American settler and writer

Hall Jackson Kelley (February 24, 1790 – January 20, 1874) was an American settler and writer from New England known for his strong advocacy for settlement by the United States of the Oregon Country in the 1820s and 1830s. A native of New Hampshire, he was a school teacher in Maine and Massachusetts, and a longtime resident of the latter state after graduating from Harvard College.

In 1834 Kelley led an expedition to Oregon Country. He became ill in the Northwest and was virtually deported by the head of the Hudson's Bay Company district office at Fort Vancouver. After his return to Massachusetts, he continued to write about the territory to encourage its settlement, also submitting materials to Congress. In 1868 he published a book about the region, by which time the emigrants on the Oregon Trail had already numbered into the tens of thousands. Kelley Point Park in Portland, Oregon, is named for him, as he had encouraged settlement at the confluence of the Willamette and Columbia rivers.

==Early years==
Hall Kelley was born in Northwood, New Hampshire, on February 24, 1790. He left school and began teaching in Hallowell, Maine, at the age of 16.

He graduated from Middlebury in Vermont in 1814 with an A.M. degree, and then graduated from Harvard College in 1820. Kelley also worked as school principal in Boston from 1818 to 1823. On May 4, 1815, he married Mary Baldwin, daughter of a minister.

==Career==
Kelley worked as a railroad surveyor in Maine. He also helped design a project for a canal from Boston to the Connecticut River, which was never built. He designed a railroad between Veracruz, Veracruz, and Mexico City.

As early as 1815, after reading about the Lewis and Clark Expedition and the expedition by Wilson Price Hunt, Kelley became interested in U.S. settlement of the area west of the Rocky Mountains. He tried to organize a group expedition overland to that region in 1828, but they could not get the funds for outfitting. He followed that effort with a failed attempt to colonize the Puget Sound area with an ocean-based expedition.

Also in 1828, he persuaded the Massachusetts Legislature to charter a society to promote U.S. settlement along the Columbia River. At the time, the Oregon Country was under joint administration of the U.S. and Great Britain pursuant to the Anglo-American Convention of 1818. Effectively the area was under control of the British Hudson's Bay Company, which actively discouraged U.S. settlement.

Kelley wrote articles to encourage U.S. settlers to move into Oregon Country. This included a memorial to the United States Congress on February 11, 1828, that laid out plans for a city where the Columbia River meets the Willamette River (present-day Portland, Oregon) and a proposal to name mountains in the Cascade Range after US presidents. In 1830, he published a Geographical Memoir of Oregon, which contained the first map of that territory ever compiled, as well as a settlement guide for prospective emigrants.
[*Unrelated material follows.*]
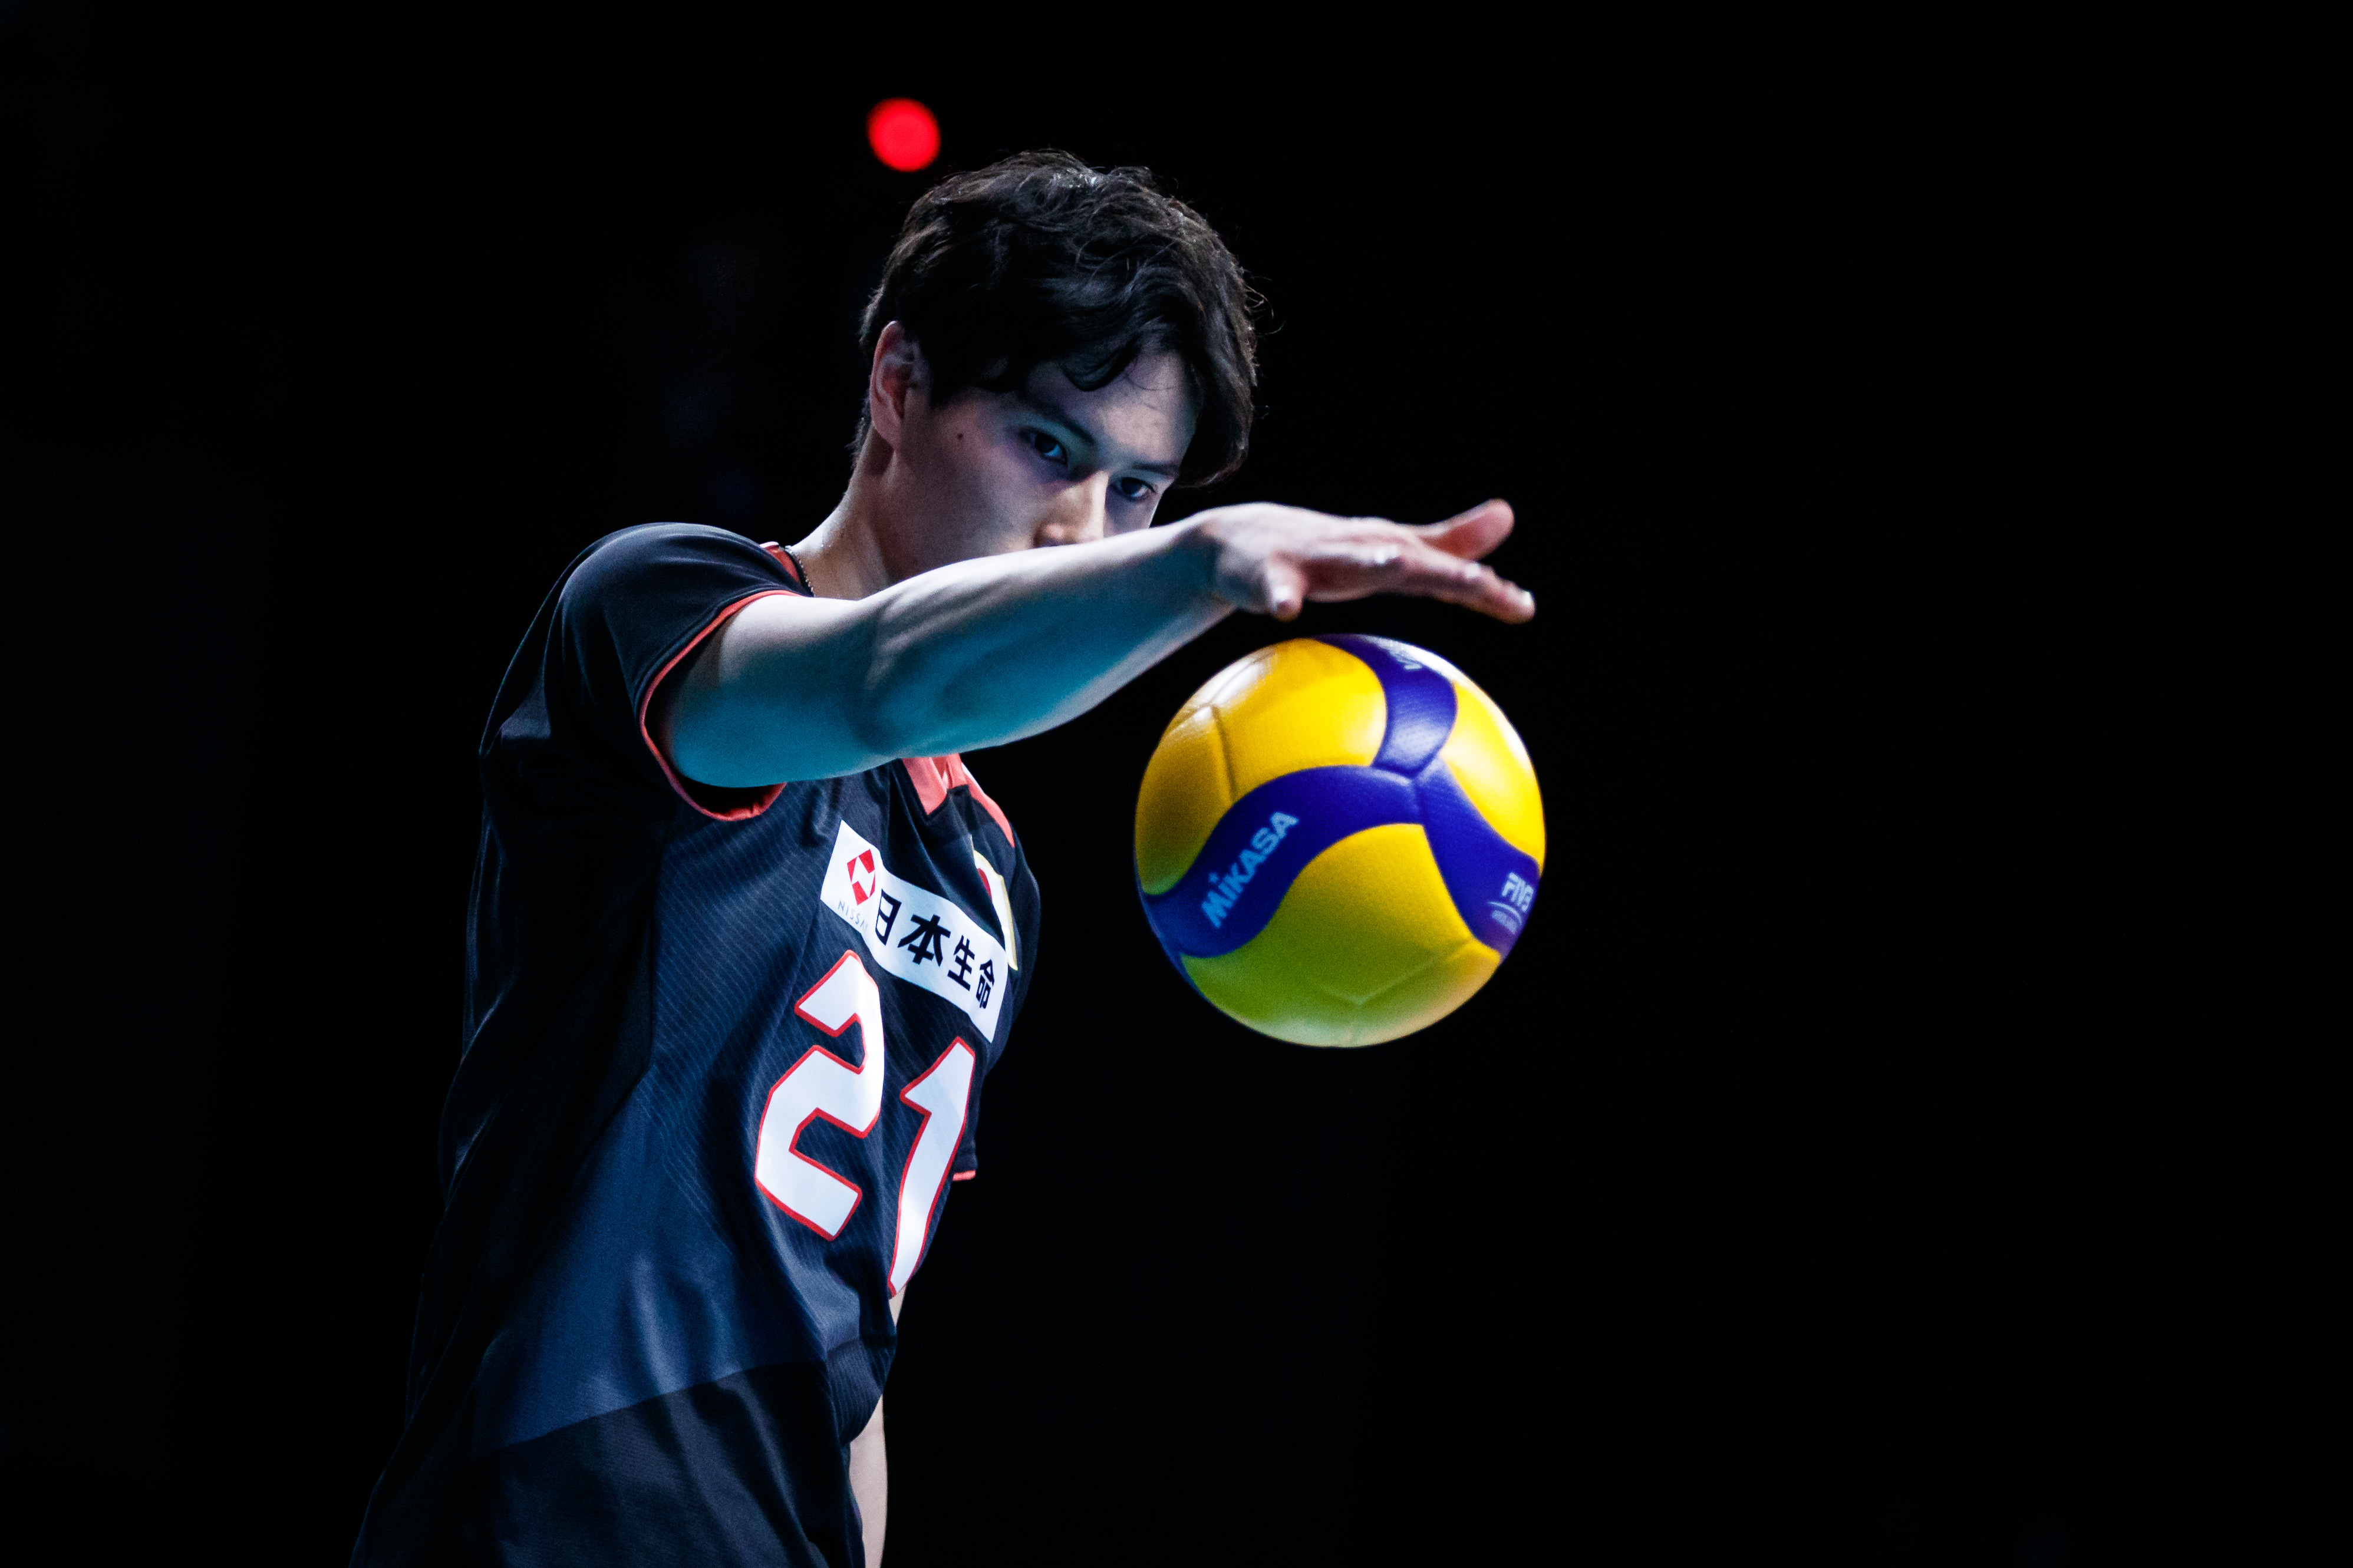 A new star is born: Ran Takahashi | volleyballworld.com

Kelley's writings were influential in inspiring Benjamin Bonneville to undertake his 1832 expedition to the West. He also espoused a theory as to the origin of the name Oregon, claiming it came from the Orjon River in Chinese Tartary.

==Expedition to Oregon==
In 1831 Kelley sought to undertake an expedition to the west with Nathaniel Jarvis Wyeth of Boston, and they assembled a party of several hundred men. Delays forced the last-minute abandonment of the plan. Wyeth went west in 1832 without Kelley, having attracted investors in Boston.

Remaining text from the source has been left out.